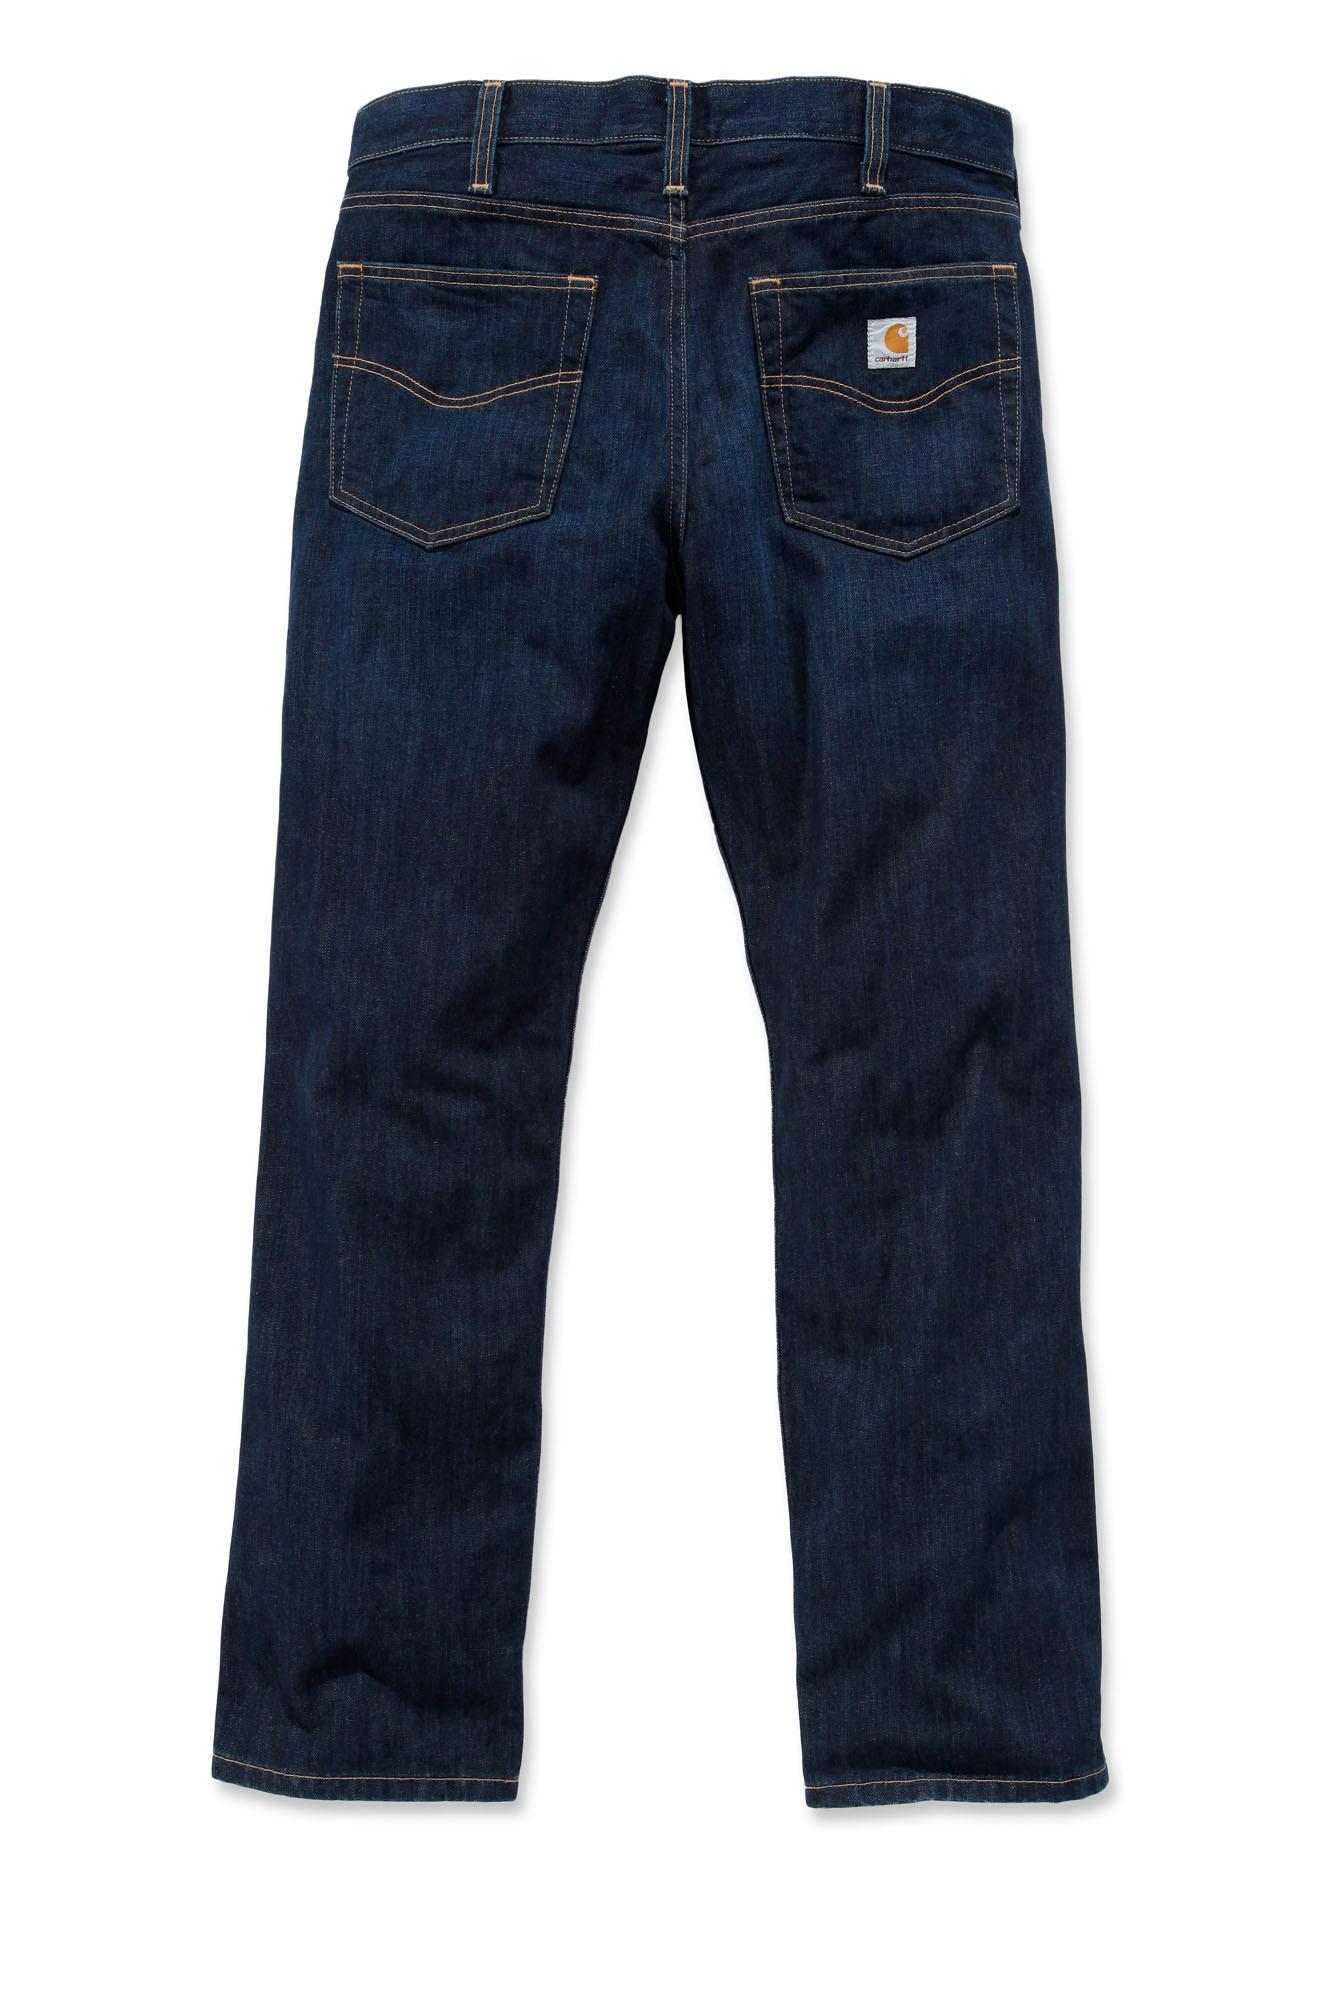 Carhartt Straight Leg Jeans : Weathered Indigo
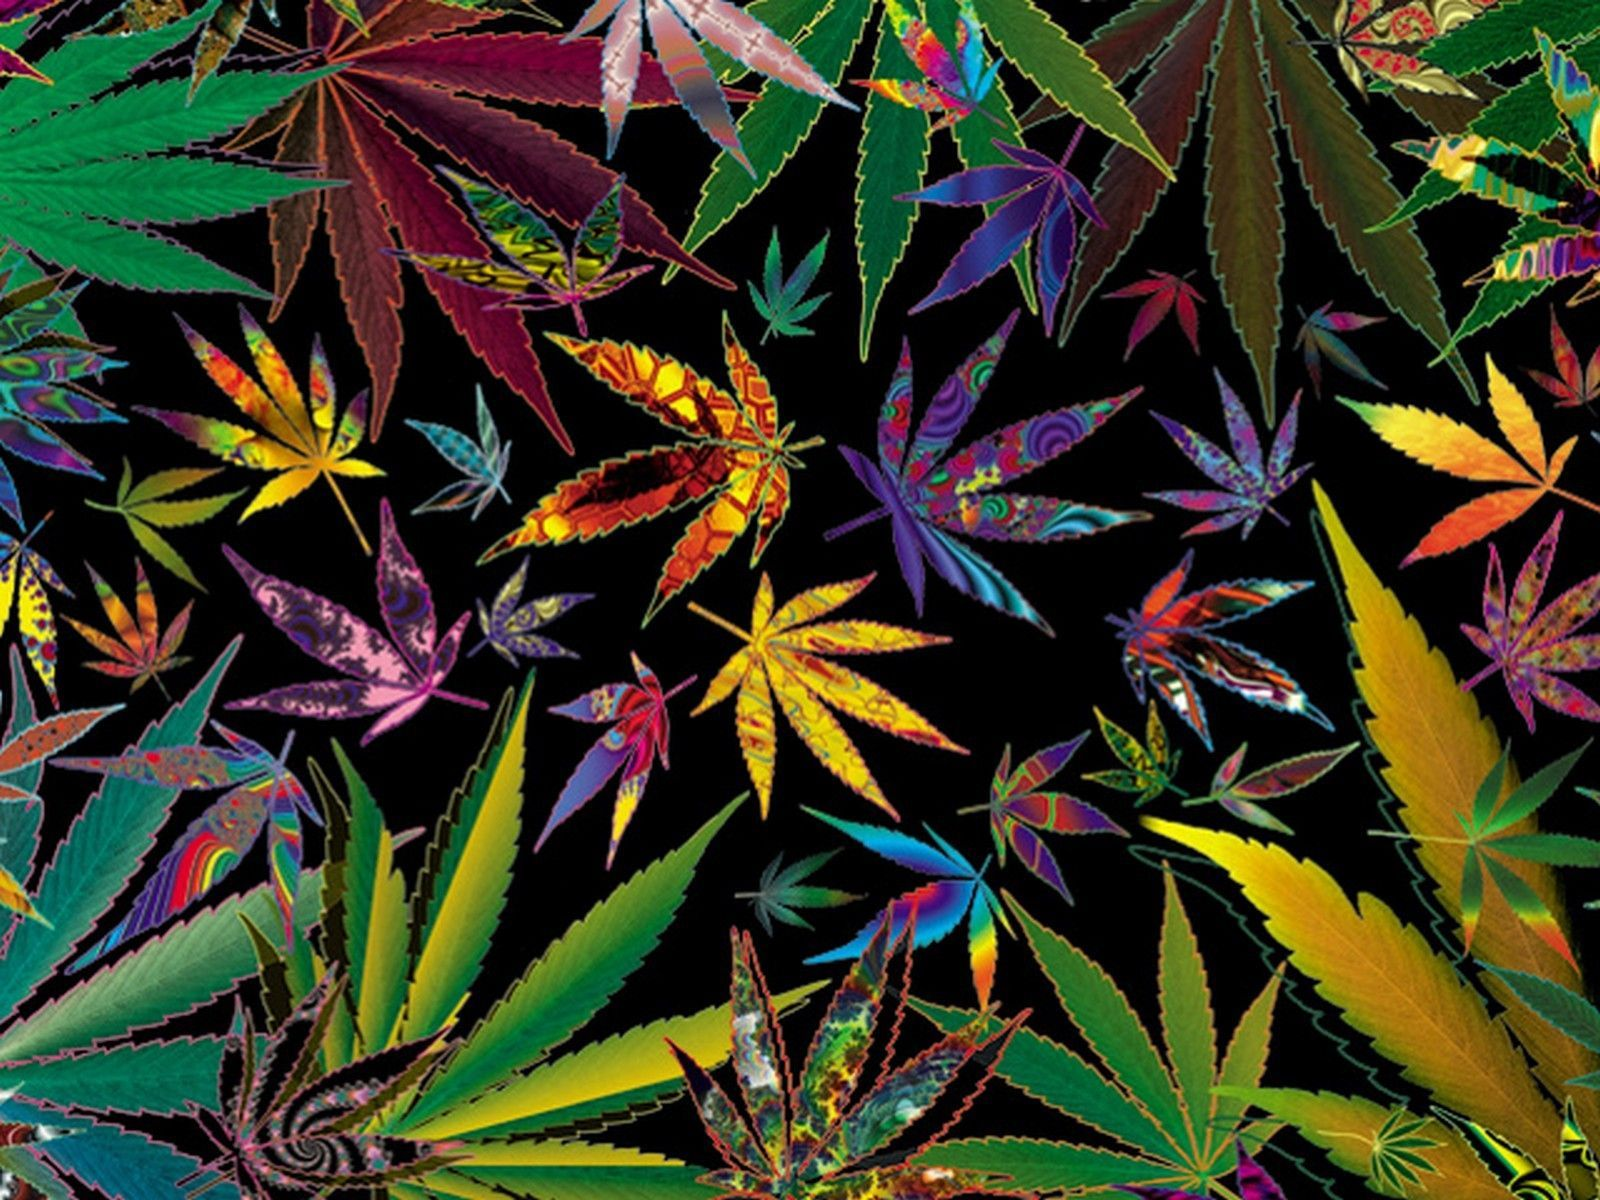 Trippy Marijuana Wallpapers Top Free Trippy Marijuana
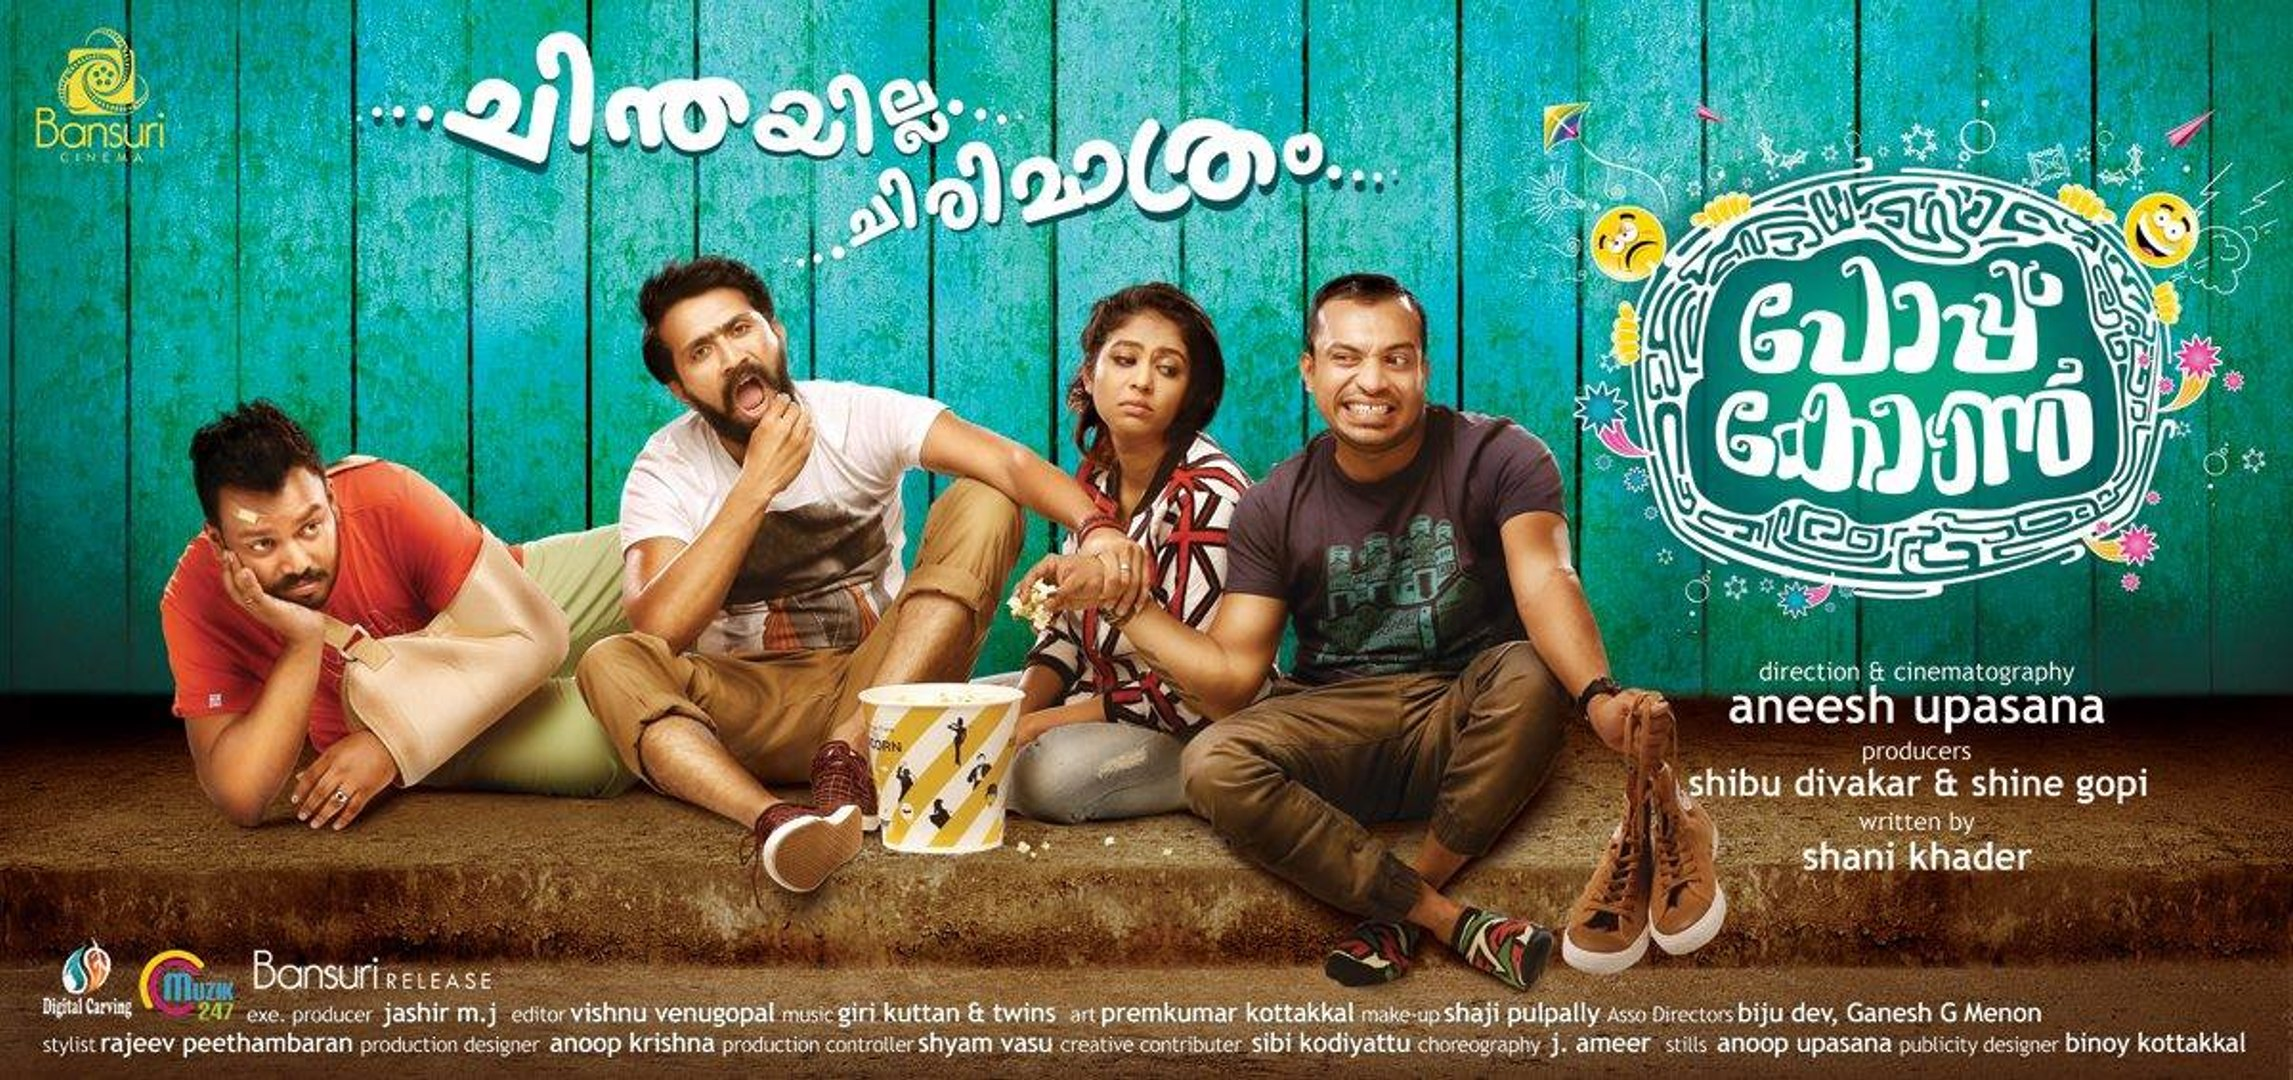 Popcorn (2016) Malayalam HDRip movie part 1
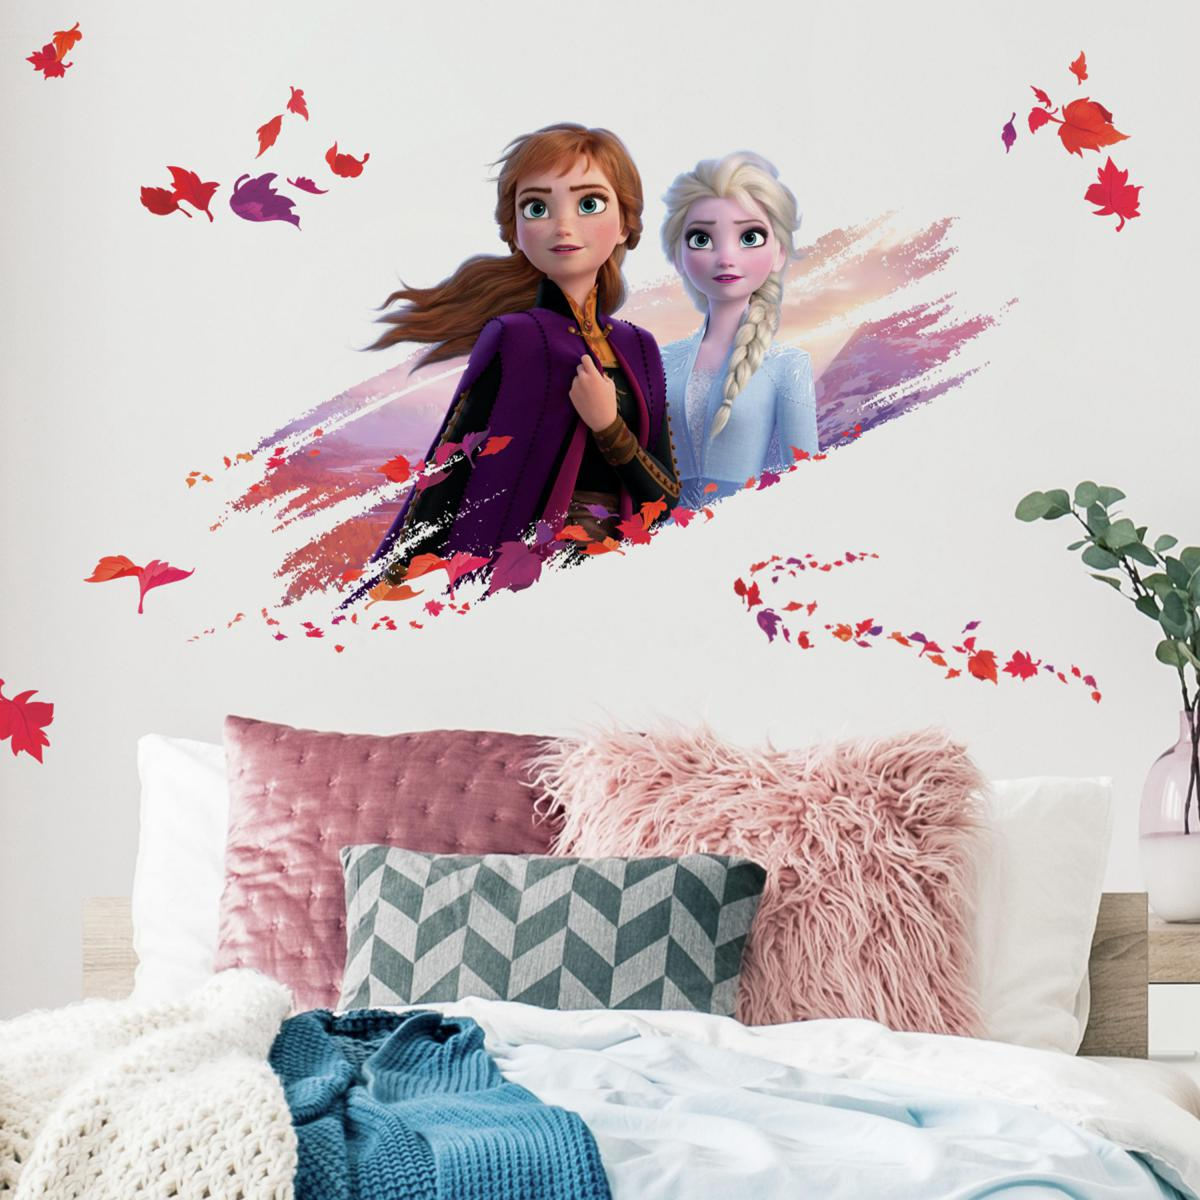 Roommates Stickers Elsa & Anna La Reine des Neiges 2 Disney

------------------------------------------------------------------------

Without changing a single word, set down all of the material again and leave out its pictures.

_YOUR RESPONSE_.
 Carhartt Straight Leg Jeans : Weathered Indigo
 Trippy Marijuana Wallpapers Top Free Trippy Marijuana
 Popcorn (2016) Malayalam HDRip movie part 1
 Roommates Stickers Elsa & Anna La Reine des Neiges 2 Disney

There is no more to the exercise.